Personal information
- Date of birth: 8 April 1988 (age 37)
- Place of birth: Peterborough, England
- Height: 6 ft 7 in (2.01 m)
- Position(s): Midfielder/Striker

Team information
- Current team: Cambridge City FC

Senior career*
- Years: Team / Apps / (Gls)
- 2004-2006: Blackstones / 43 / (20)
- 2006–2007: Boston United /  / (0)
- 2007–2010: Stamford /  / (50)
- 2010-2012: Soham Town Rangers / 46 / (20)
- 2012-2014: Spalding United /  / (52)
- 2014-2022: Yaxley FC / 335 / (215)
- 2022-2024: Cambridge City / 62 / (24)

= Daniel Cotton =

English footballer

Daniel Cotton (born 8 April 1988) in Peterborough, England and is a former professional footballer at Boston United, who plays for Cambridge City F.C. in the Northern Premier League Midlands Division.

==Career==
A right-sided winger, Cotton signed for Boston United on 6 October 2006 from hometown club Blackstones, after impressing manager Steve Evans in a pre-season friendly game against the Pilgrims.
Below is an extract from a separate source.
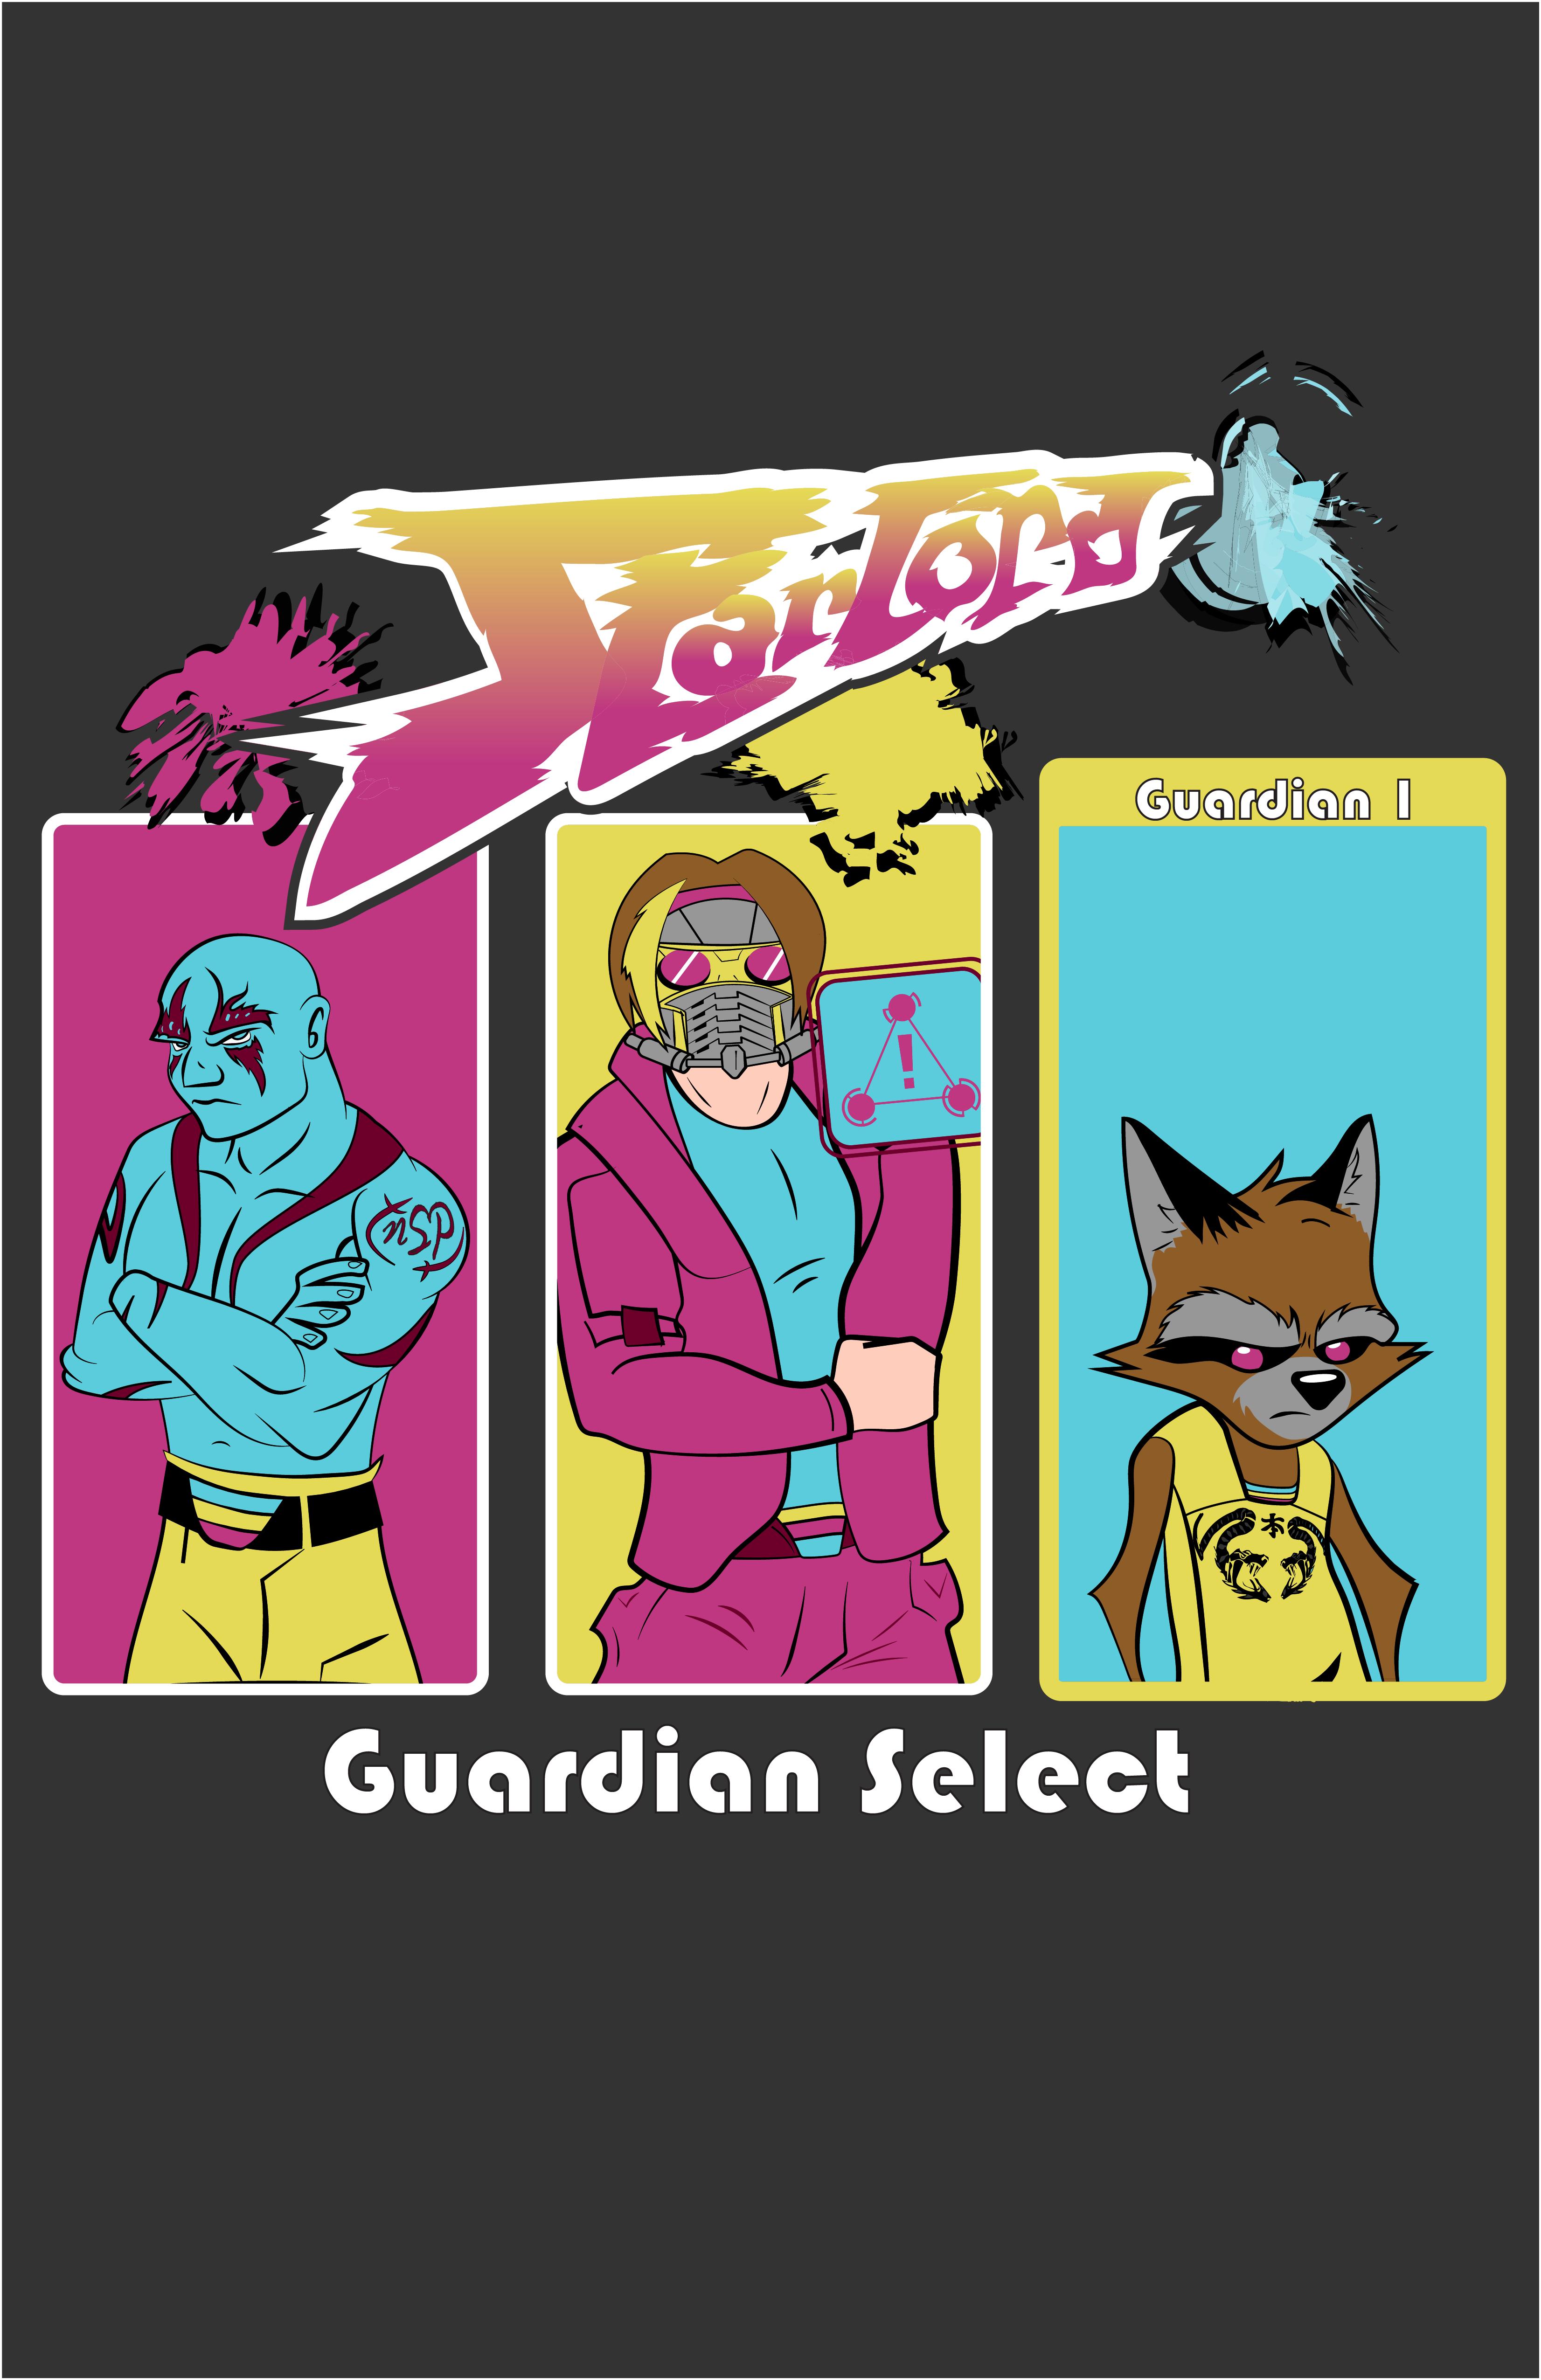 Guardian Select

He made his debut against Bristol Rovers the following day, coming on as a substitute in the second half. Ten days later he started the Football League Trophy match against Brighton & Hove Albion
However, he made only one more appearance as a substitute on 28 October before leaving the club in January 2007, after which he rejoined Blackstones.

He subsequently joined Stamford in 2008, playing in the Evo Stick Division One South scoring 50 goals for the club. He then had a short spell at Soham Town Rangers playing in the Ryman Division One League. The following season, he joined Spalding United and won the United Counties Premier Division along with the League Cup. In 2014, he made the move to fellow United Counties Premier Division side Yaxley FC winning the league title in 2017/18 and securing promotion to the Bet Victor Southern League Central Division. After 8 years with Yaxley FC in 2022 he signed for fellow Northern Premier Midlands Division side Cambridge City FC.